Table 1: Loss, Perplexity, and Inference Time for Different Models under Various Pruning Strategies

Model	Pruning Method	Loss	Perplexity	Inference Time (s)
GPT-2	Before Pruning	3.9919	54.16	1.7885
	Shapley Pruning	5.1203	167.38	0.0558
	Random Pruning	4.3423	76.88	0.1823
Tiny-llama	Before Pruning	3.2813	26.61	0.2460
	Shapley Pruning	12.3030	220345.88	0.1604
	Random Pruning	3.2493	25.77	0.2601
Distil GPT2	Before Pruning	3.9919	54.16	0.1660
	Shapley Pruning	4.0506	57.43	0.0156
	Random Pruning	4.5361	93.33	0.1150

Conclusion

Our pruning approach based on approximated Shapley values demonstrates a significant reduction in inference time across all evaluated models, consistently outperforming random pruning of the same number of layers.

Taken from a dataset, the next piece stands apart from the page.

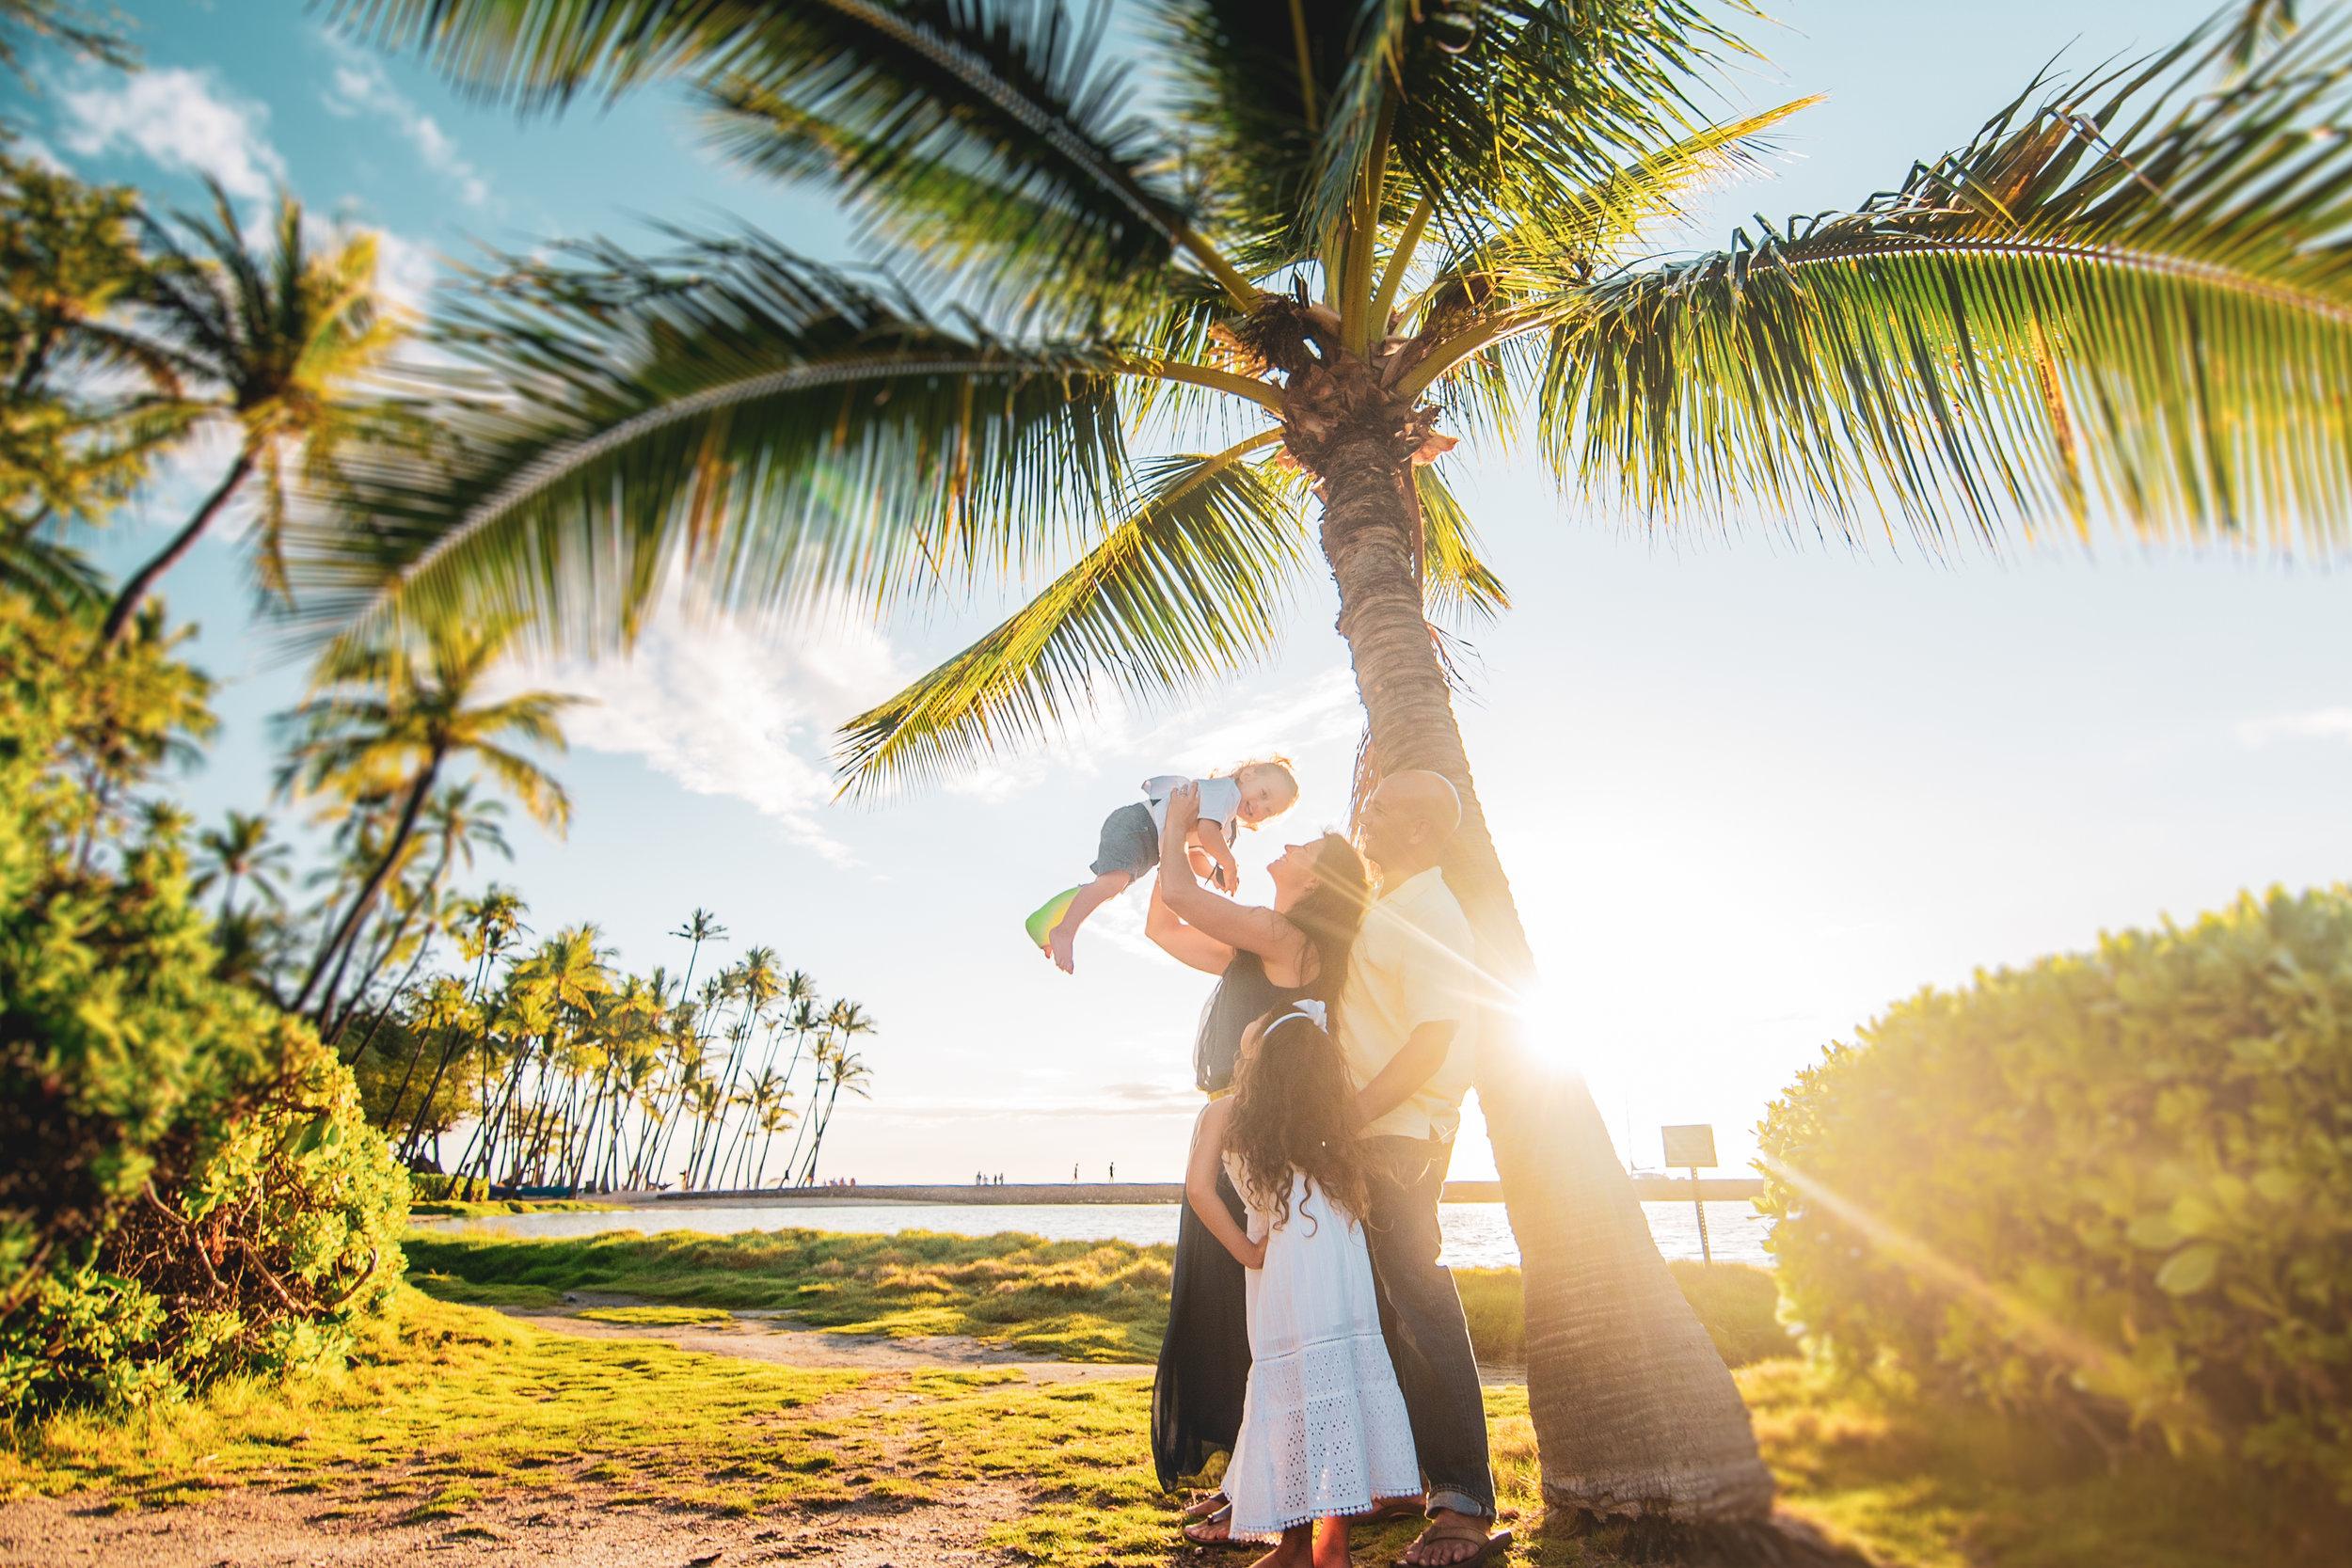 big island hawaii kona lifestyle beach family © kelilina photography 20190609183132.jpg

This highlights the potential of our method for efficient deployment of LLMs. Additionally, we observe that the increase in perplexity is minimal for smaller models, while larger models exhibit a more pronounced degradation in performance. This discrepancy warrants further investigation into the interaction between model scale and pruning sensitivity.

References

Pranav Rajpurkar, Jian Zhang, Konstantin Lopyrev, and Percy Liang. SQuAD: 100,000+ questions for machine comprehension of text. arXiv preprint arXiv:1606.05250, 2016.
Mandar Joshi, Eunsol Choi, Daniel S Weld, and Luke Zettlemoyer. TriviaQA: A large scale distantly supervised challenge dataset for reading comprehension. arXiv preprint arXiv:1705.03551, 2017.
Joao Monteiro et al. RepliQA: A question-answering dataset for benchmarking LLMs on unseen reference content. NeurIPS, 2024.
Marco Ancona, Cengiz Öztireli, and Markus Gross. Shapley values as a principled metric for structured network pruning. arXiv:2006.01795, 2020.
Kamil Adamczewski, Yawei Li, and Luc van Gool. Shapley pruning for neural network compression. arXiv:2407.15875, 2024.
Marwa El Halabi et al. Data-efficient structured pruning via submodular optimization. NeurIPS, 2022.
Amir Gholami et al. A survey of quantization methods for efficient neural network inference. arXiv:2103.13630, 2021.